US Economic Data Signals Caution

A cursory glance of US economic data releases since the start of this year raise concerns about the strength of the recovery particularly as global deflationary fears intensify. The US ISM manufacturing index fell more than expected with a contraction in new orders, while the ISM non-manufacturing index and factory orders also underwhelmed the market’s expectations. As oil prices plumbed to a new six-year low last week, asset markets have reacted nervously. US equities have stuttered and declines in intermediate and longer-dated US treasury yields highlight ongoing investor uncertainty in the sustainability of the US recovery.

Incremental Improvements Expected in 2015

Nonetheless, our conviction remains untainted that the US economy will make incremental improvements in 2015. While many fear the downside risks of falling energy prices, we think this trend will ultimately be a positive force for growth.
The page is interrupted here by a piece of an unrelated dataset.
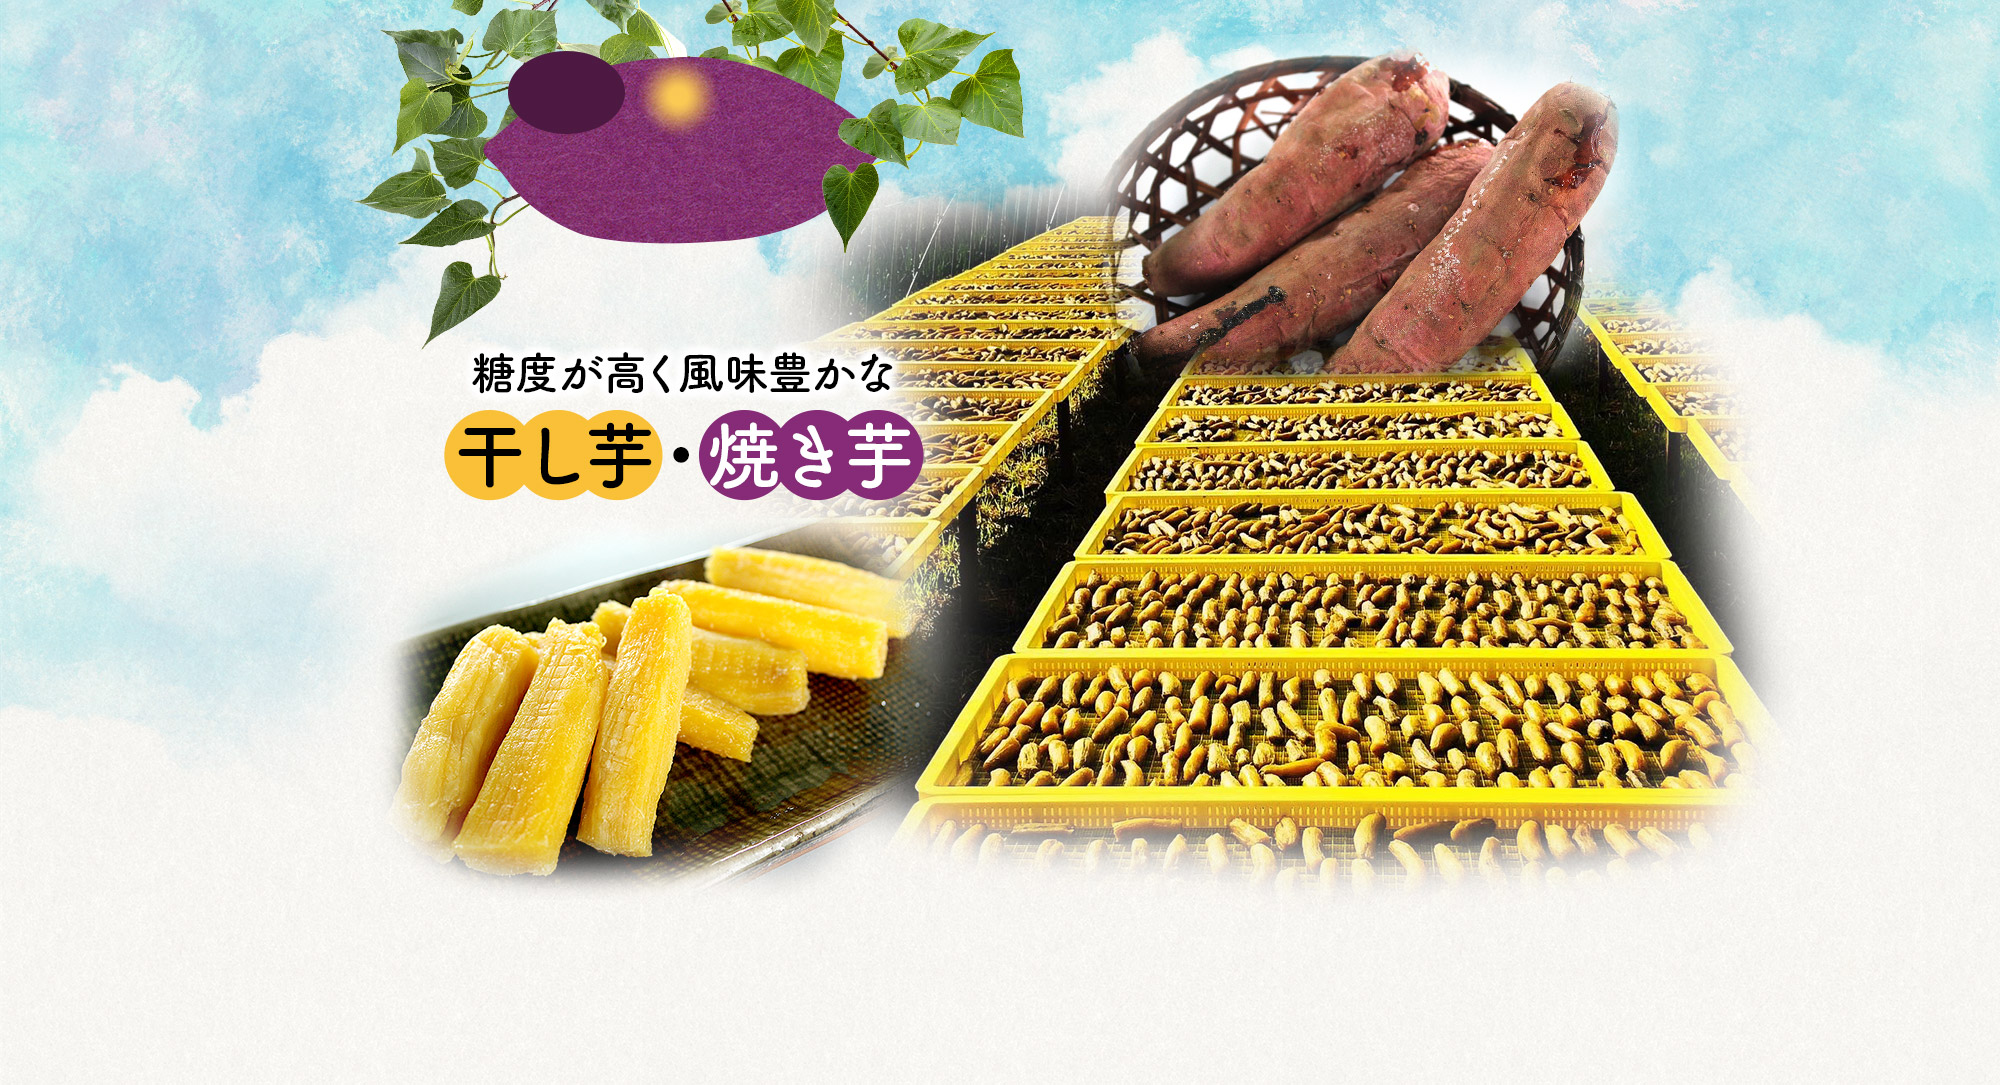 糖度が高く風味豊かな干し芋・焼き芋

Federal Reserve Policy and Market Reactions

The latest minutes of the Federal Open Market Committee (FOMC), the monetary policy setting committee of the Federal Reserve, corroborate this view. There were no major surprises following December’s monetary policy statement, but the FOMC placed particular emphasis on the net effect of recent energy price declines as positive for economic activity. This expectation is important at a time when some economists worry that lower energy prices could derail job growth as companies providing services and supplies to the oil industry cut costs. On current forecasts, the FOMC expects growth in 2015 and 2016 to surpass 2014.

Consumer Spending as Growth Engine

The key to US growth is consumer spending; consumption accounts for two-thirds of the US economy. The US economy is better insulated than many other export-orientated economies from global risks. US job creation has been especially robust, evidenced by the last three months’ payrolls reports. This together with low interest rates and the decline in household debt relative to income are expected to support consumer spending over coming months. While average weekly earnings remain subdued (falling -0.2% m-o-m in December on a seasonally adjusted basis), the low inflationary backdrop should boost real income gains.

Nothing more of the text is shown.